┌──

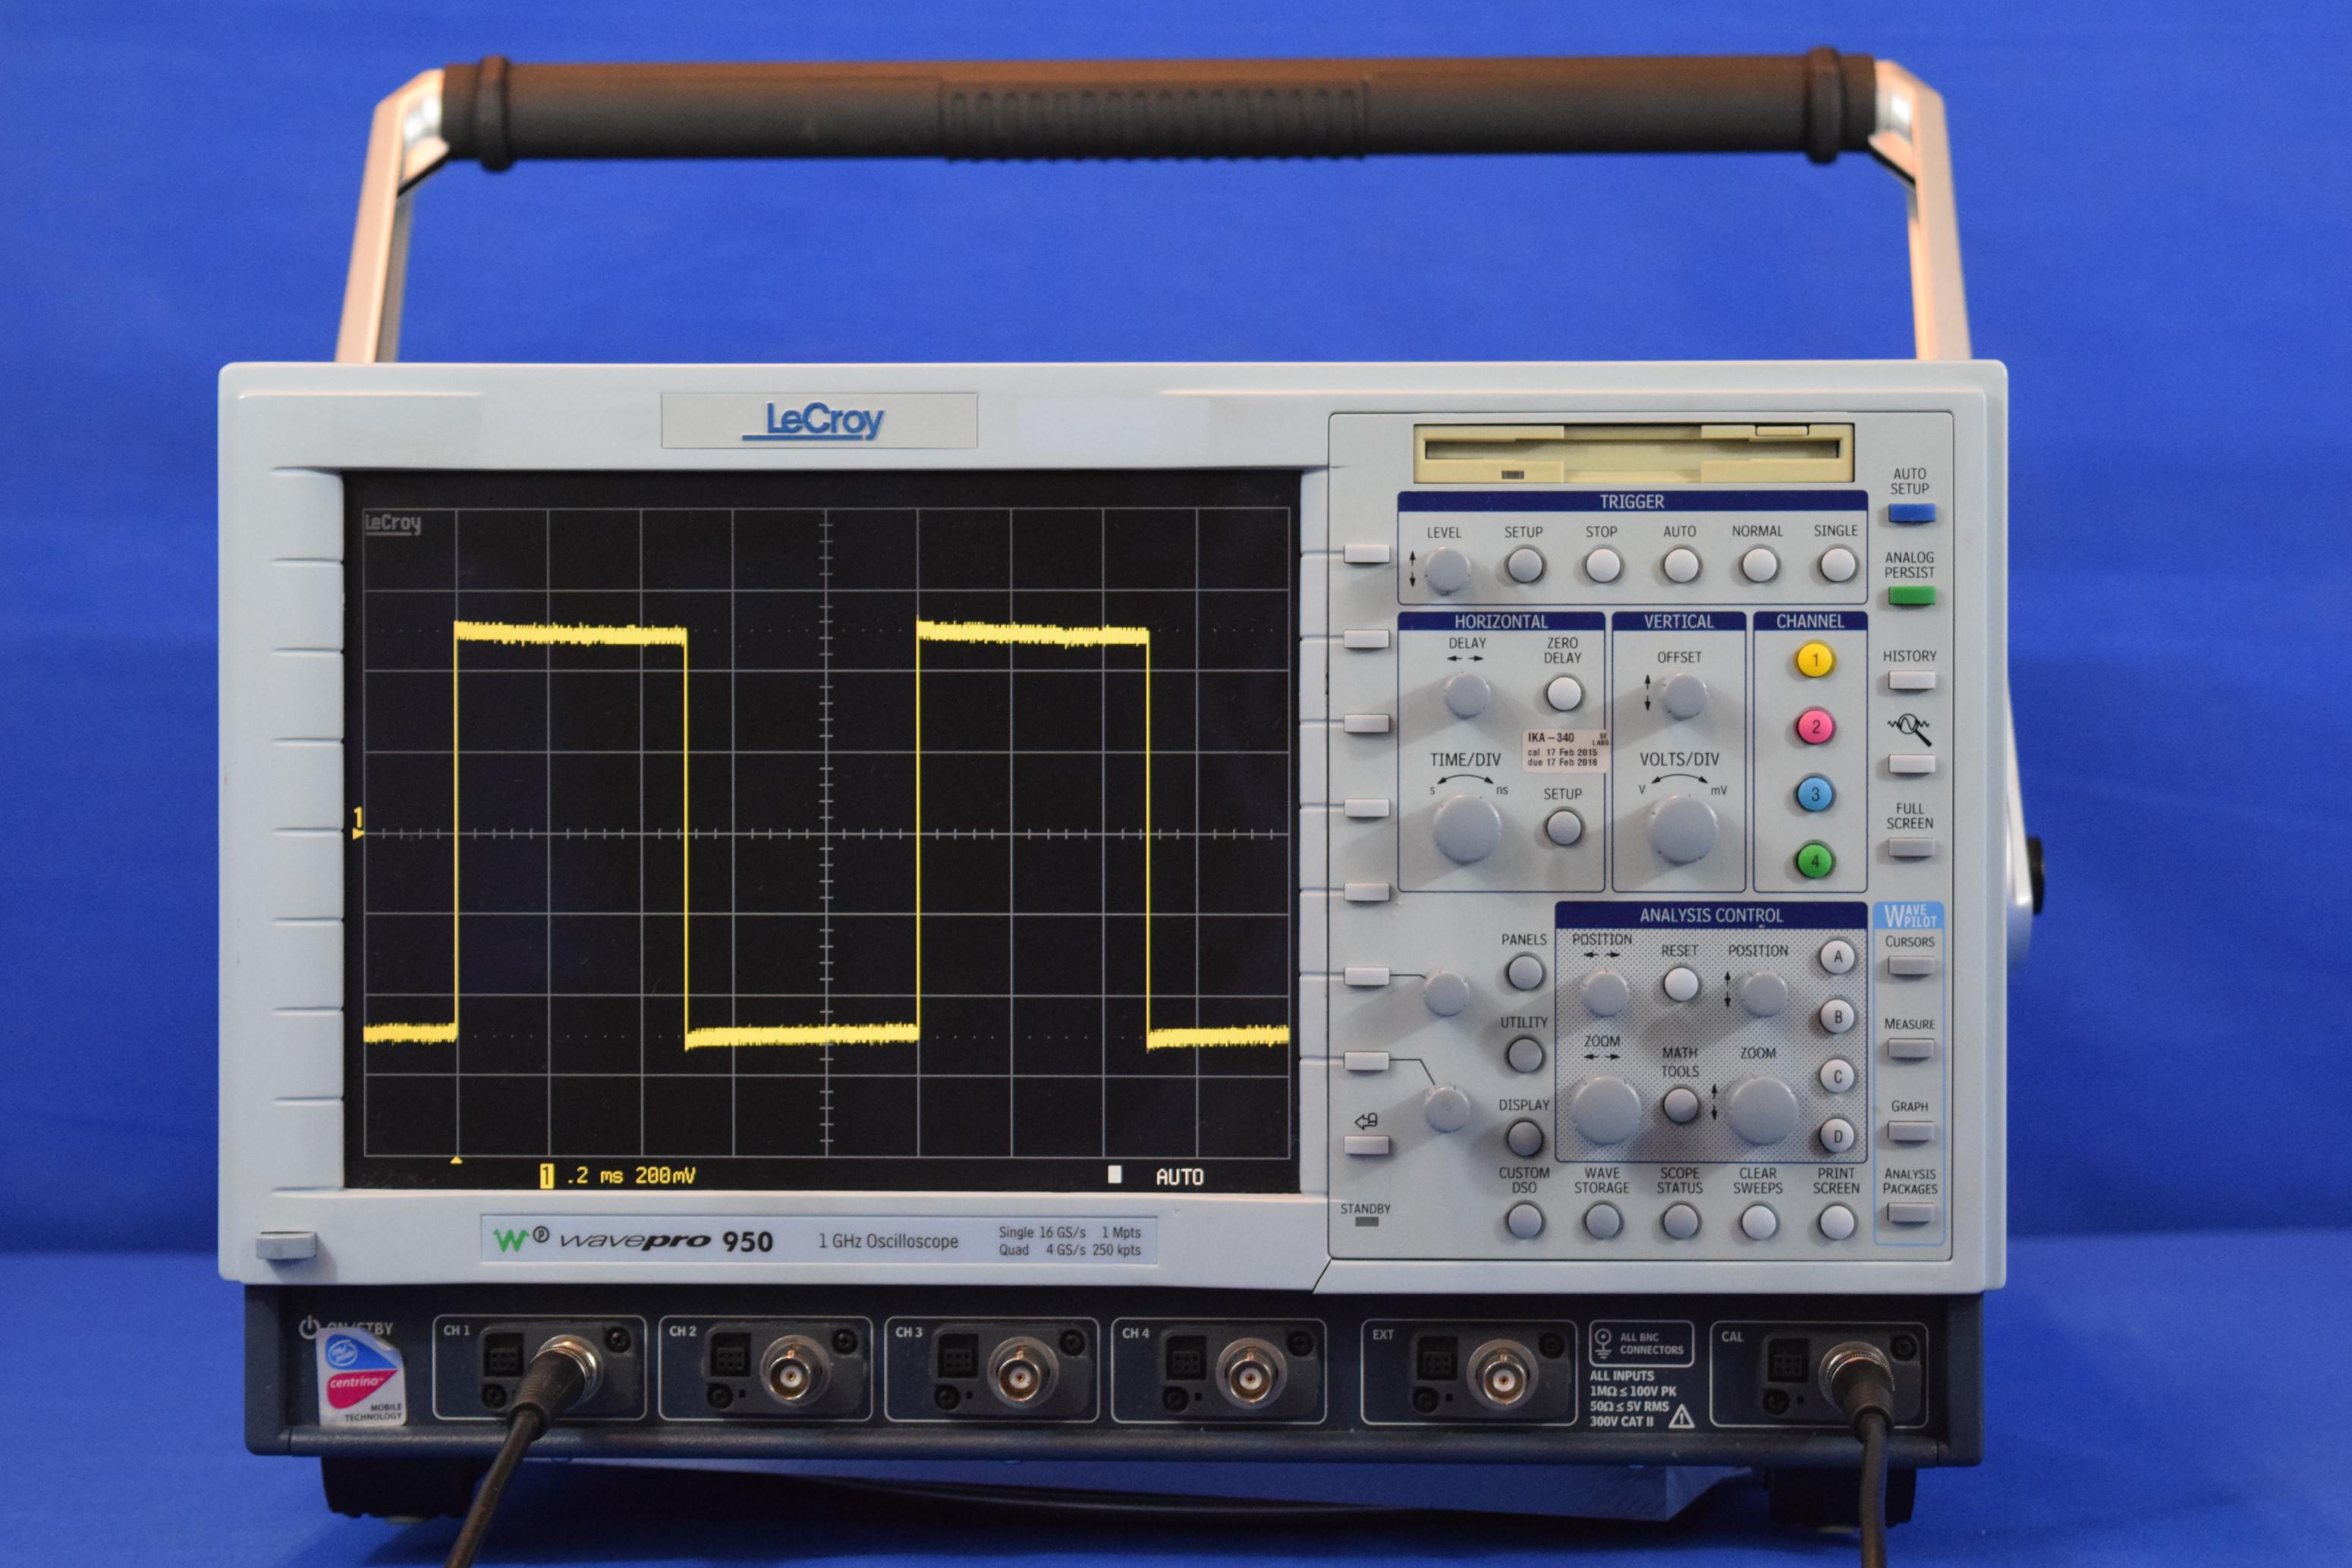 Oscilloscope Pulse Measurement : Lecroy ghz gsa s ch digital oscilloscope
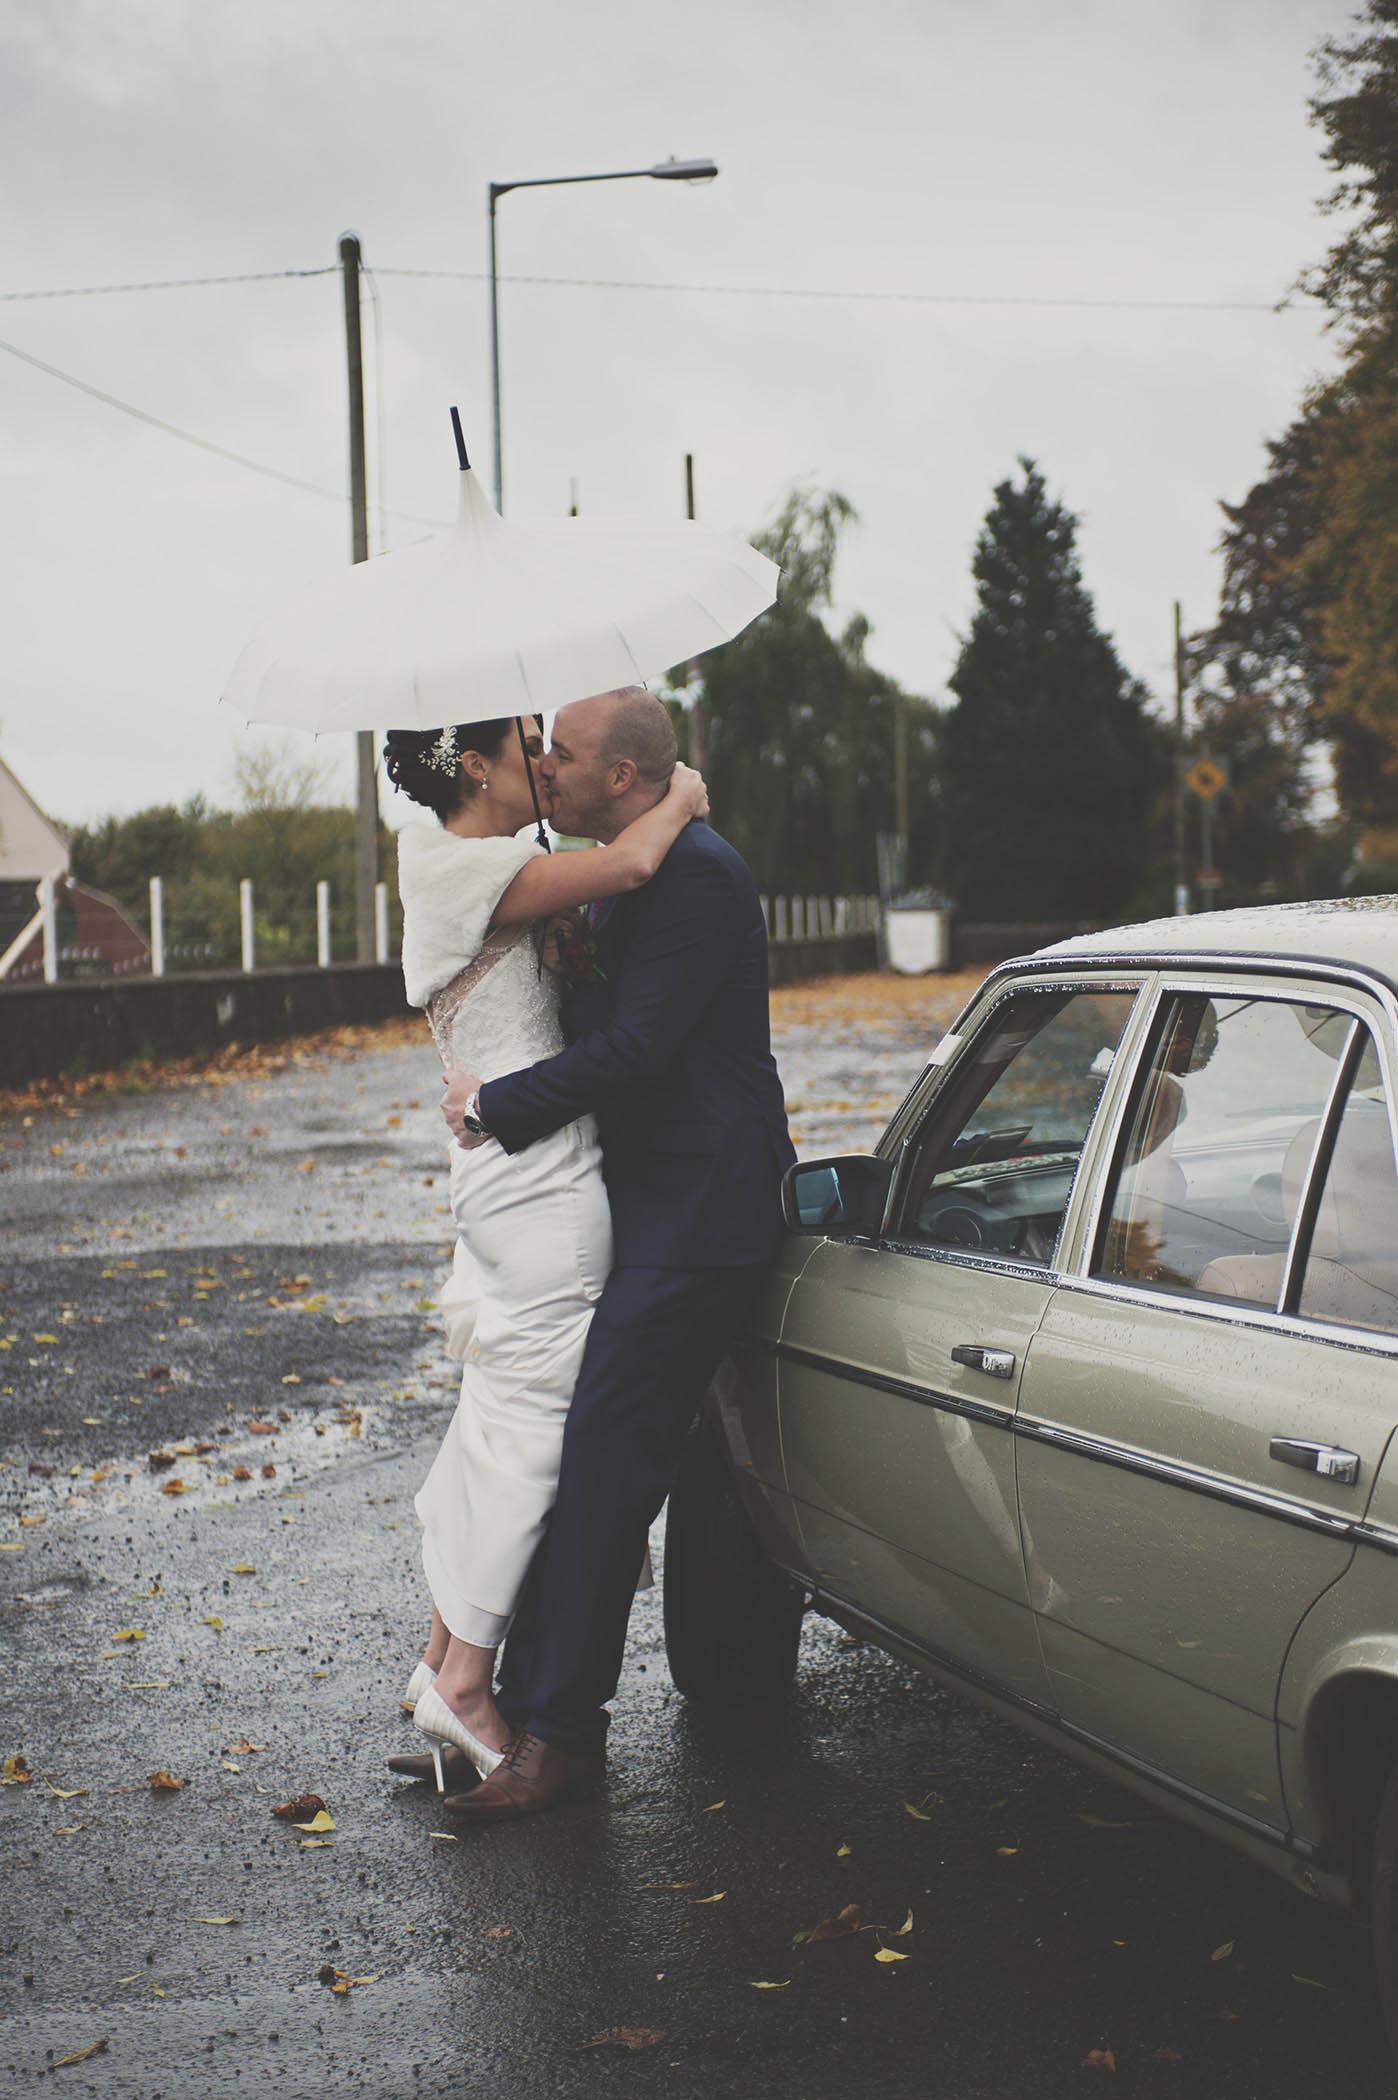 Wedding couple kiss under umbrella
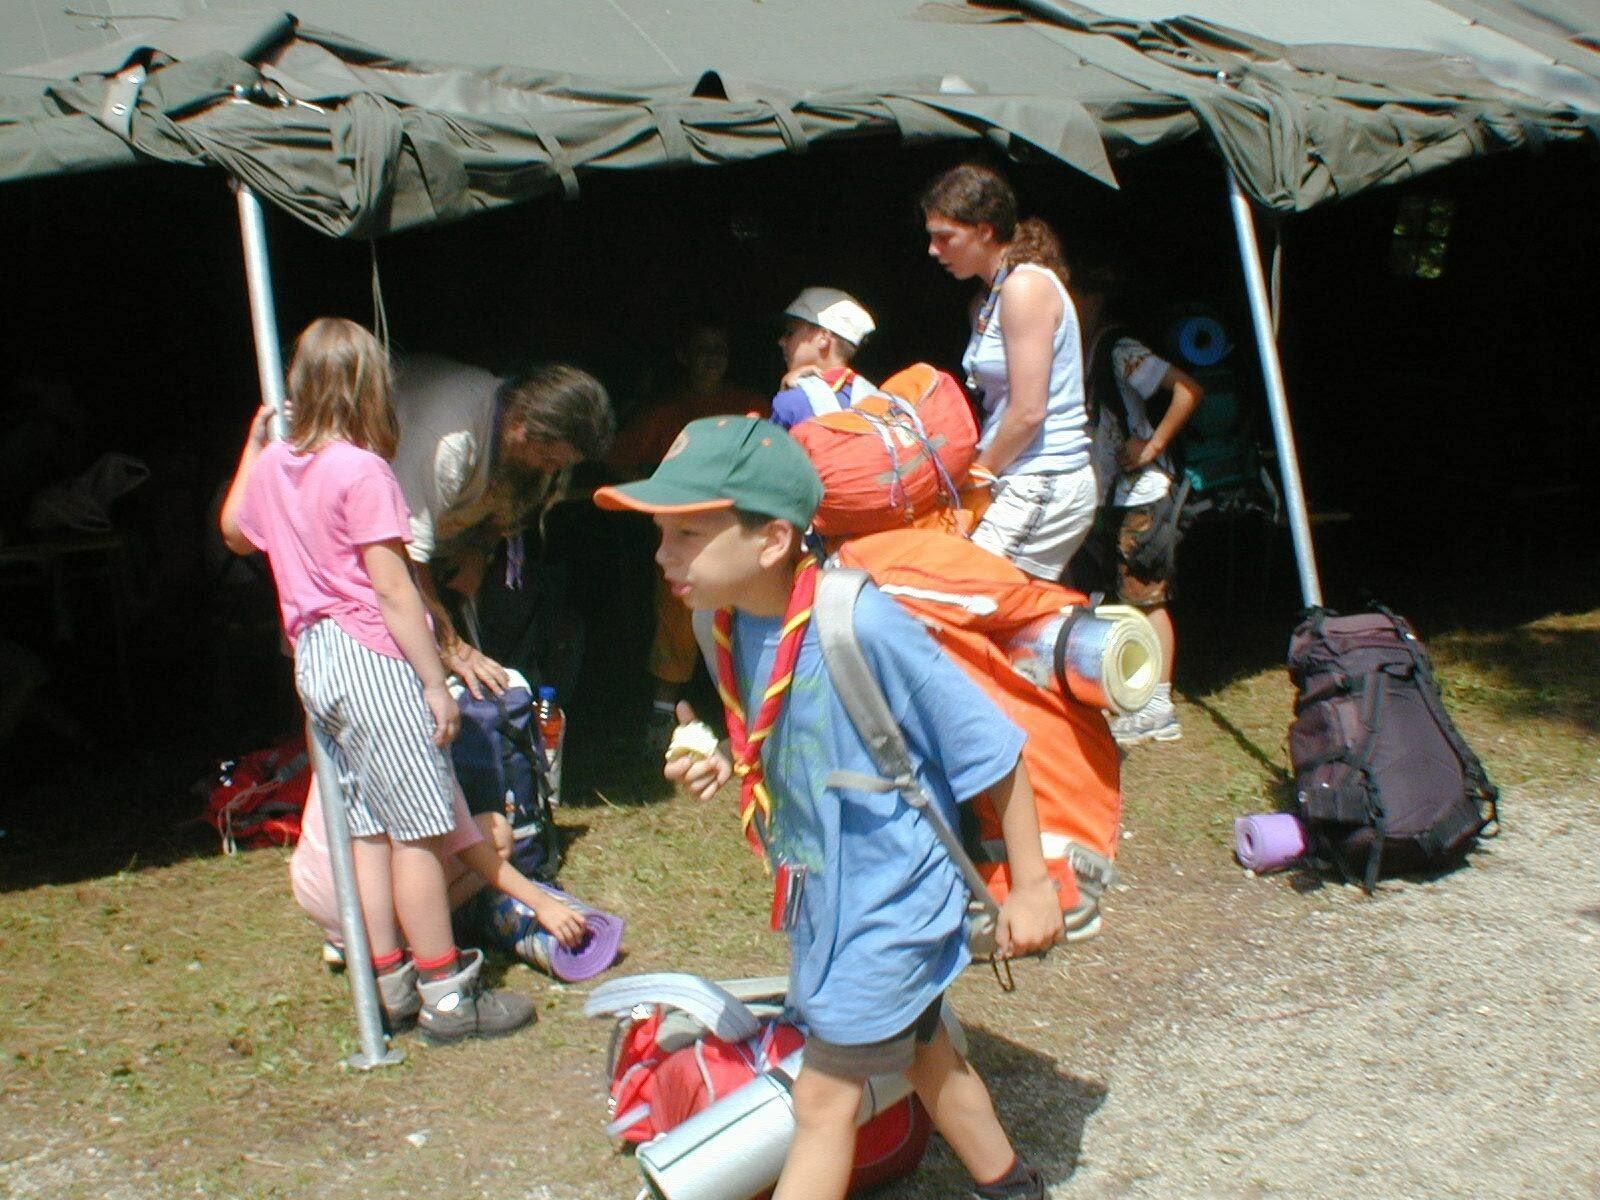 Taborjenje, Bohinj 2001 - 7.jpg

└──

Restate the listing above word for word and skip each picture.

■ **Response**
 Oscilloscope Pulse Measurement : Lecroy ghz gsa s ch digital oscilloscope
 Wedding couple kiss under umbrella
 Taborjenje, Bohinj 2001 - 7.jpg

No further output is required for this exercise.